Patatin-like phospholipase domain-containing protein 3 (PNPLA3) also known as adiponutrin (ADPN), acylglycerol O-acyltransferase or calcium-independent phospholipase A2-epsilon (iPLA2-epsilon)  is an enzyme that in humans is encoded by the PNPLA3 gene.

Function 

Adiponutrin is a triacylglycerol lipase that mediates triacylglycerol hydrolysis in adipocytes. The encoded protein, which appears to be membrane bound, may be involved in the balance of energy usage/storage in adipocytes.

Genomics

The gene is located on the long arm of chromosome 22 at band 13.31 (22q13.31). It lies on the Watson (plus) strand and is 40,750 bases in length.

Upstream of the gene, putative binding sites for several transcription factors have been identified. These include PPAR-gamma, POU2F1, and POU2F2. If any of these transcriptions factors are actually involved in the regulation of this gene is not known at present.

Biochemistry

The recommended name for the gene product is patatin-like phospholipase domain-containing protein 3. It is a Single-pass type II membrane protein and is a multifunctional enzyme with both triacylglycerol lipase and acylglycerol O-acyltransferase activities.  It is involved in the triacylglycerol hydrolysis in adipocytes and may play a role in energy metabolism.

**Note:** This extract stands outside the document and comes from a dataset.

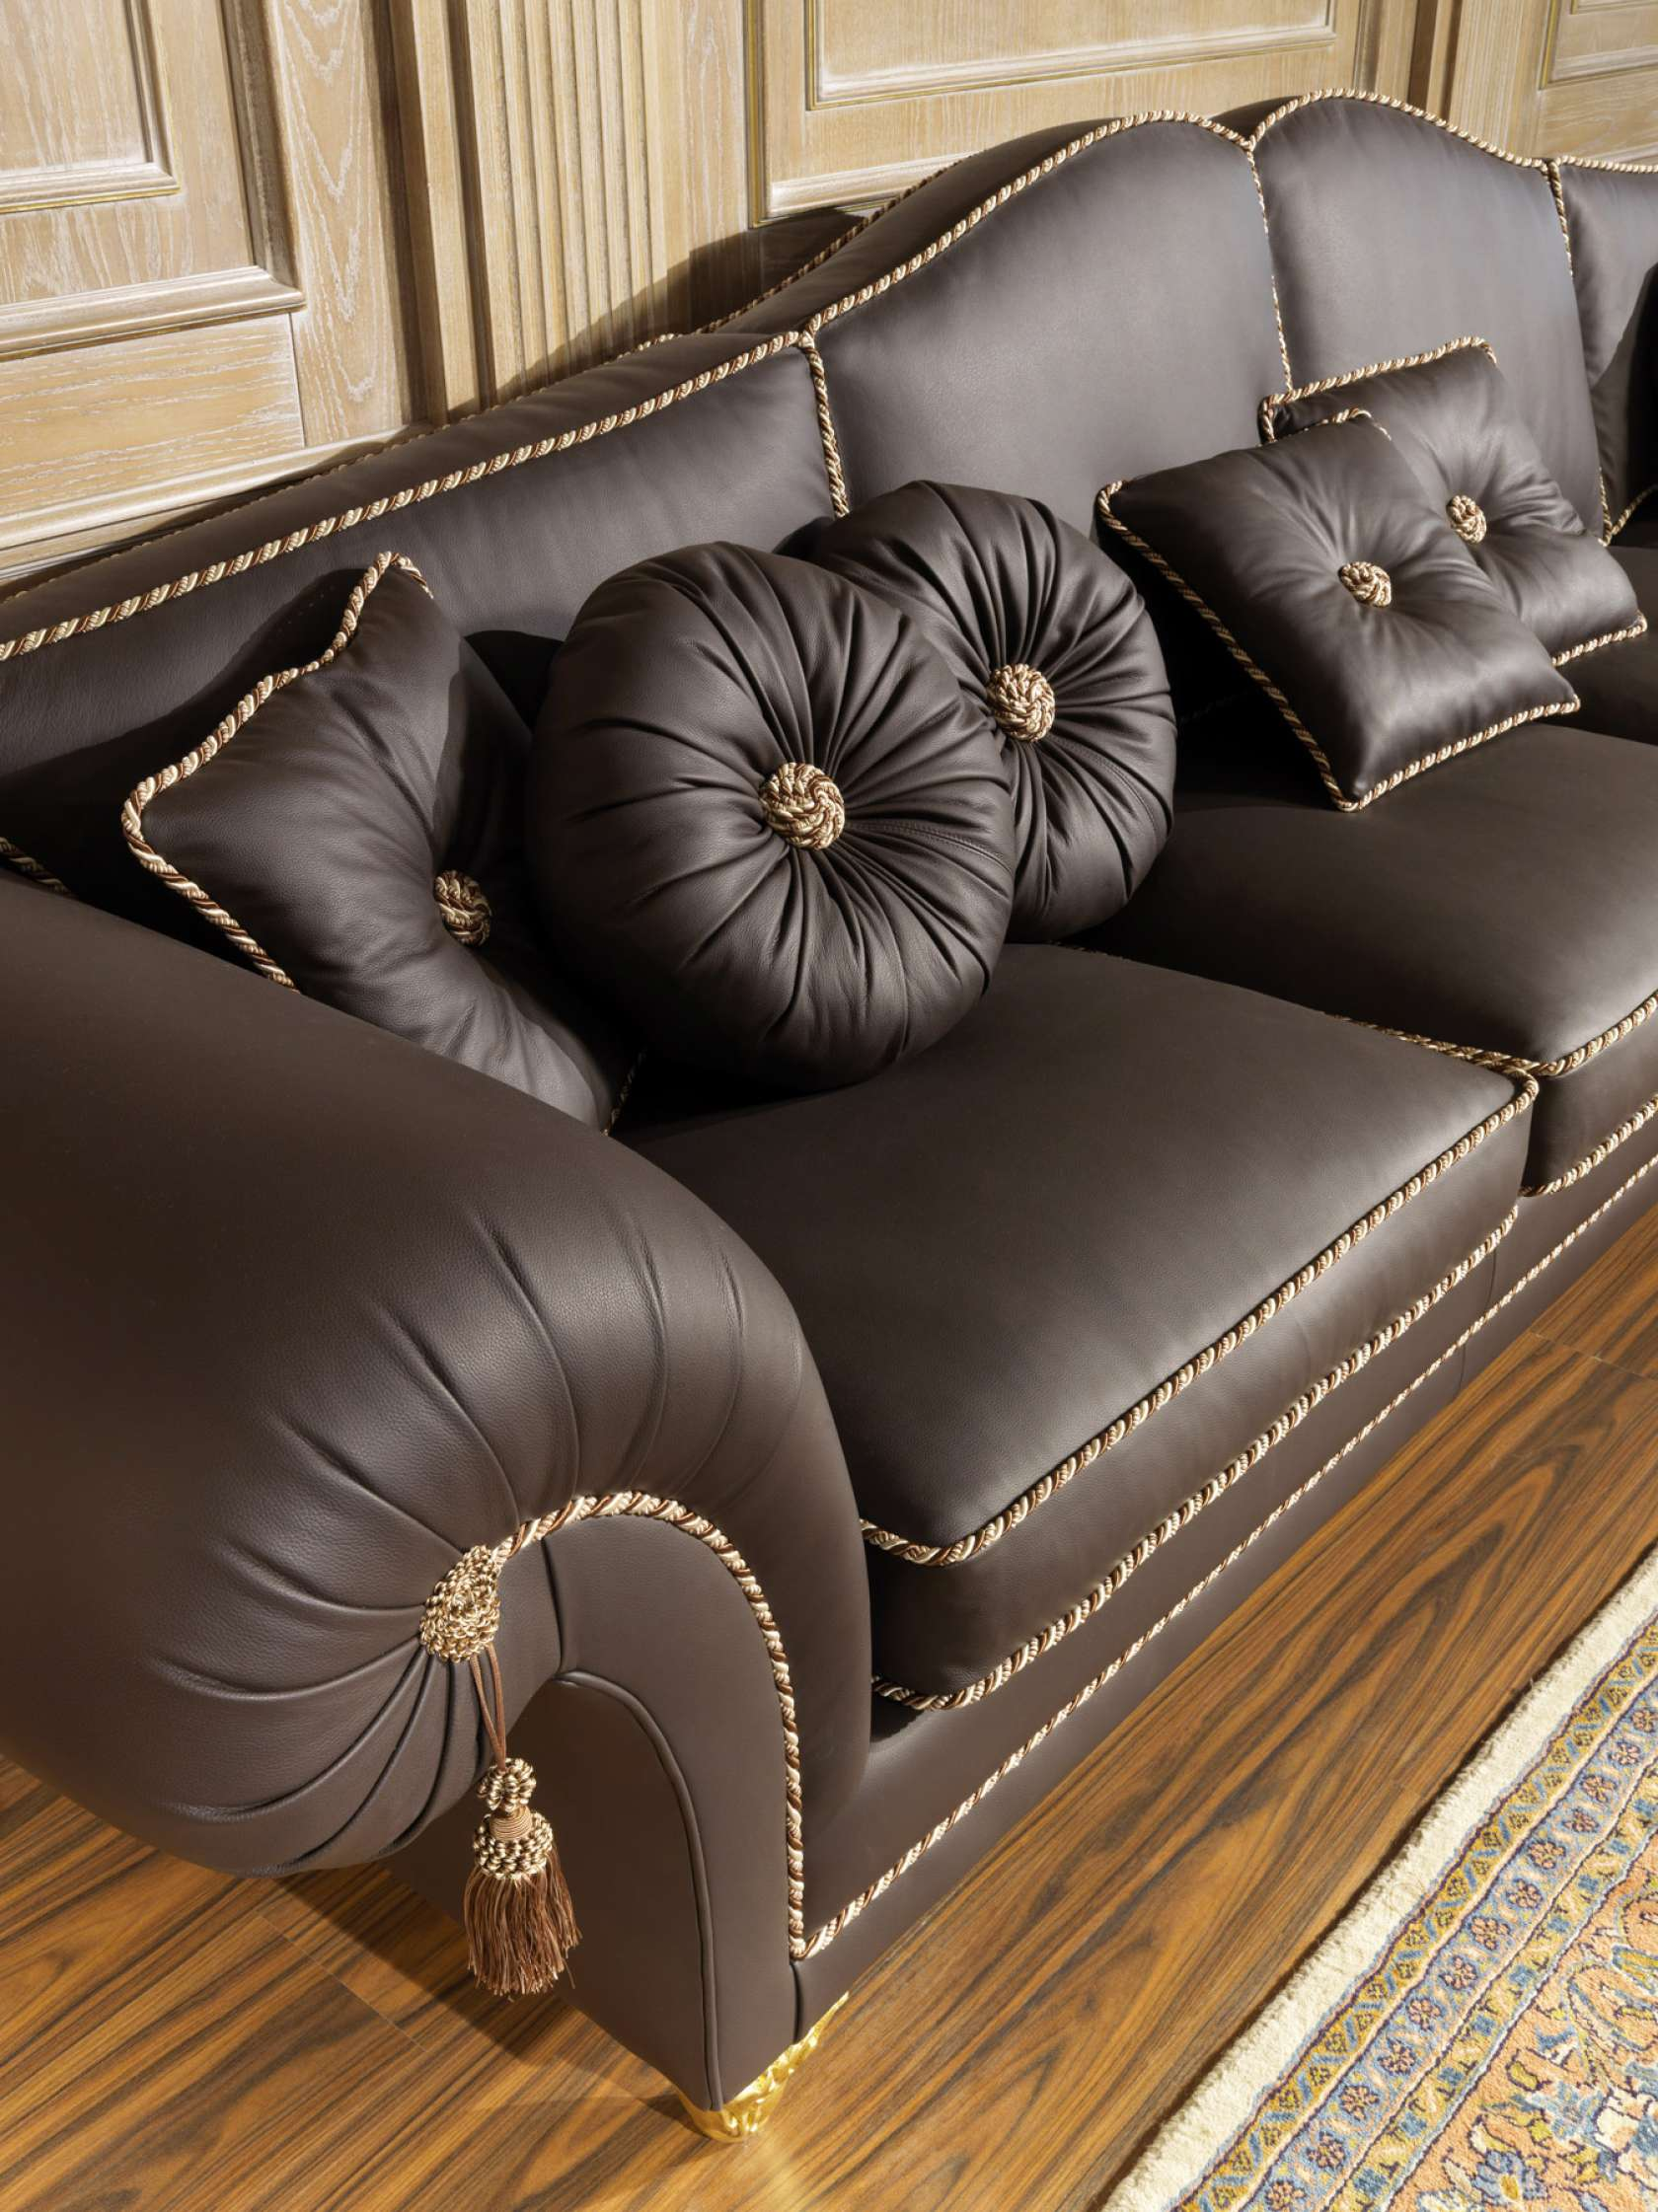 Divani Di Lusso In Pelle.Divano Di Lusso In Pelle Majestic Vimercati Classic Furniture

The mature protein is 481 amino acids in length and the predicted molecular weight is 52.865 kiloDaltons (kDa). Two of the isoforms have been described, but the functional significance - if any - of these forms is not known.

Clinical relevance

An association between alcoholic liver disease in caucasians and variations in this gene has been confirmed.  A mutation of isoleucine to methionine (I[ATC]>M[ATG]) SNP rs738409 has been confirmed to increase susceptibility to non-alcoholic liver disease and also to have effects in diabetes.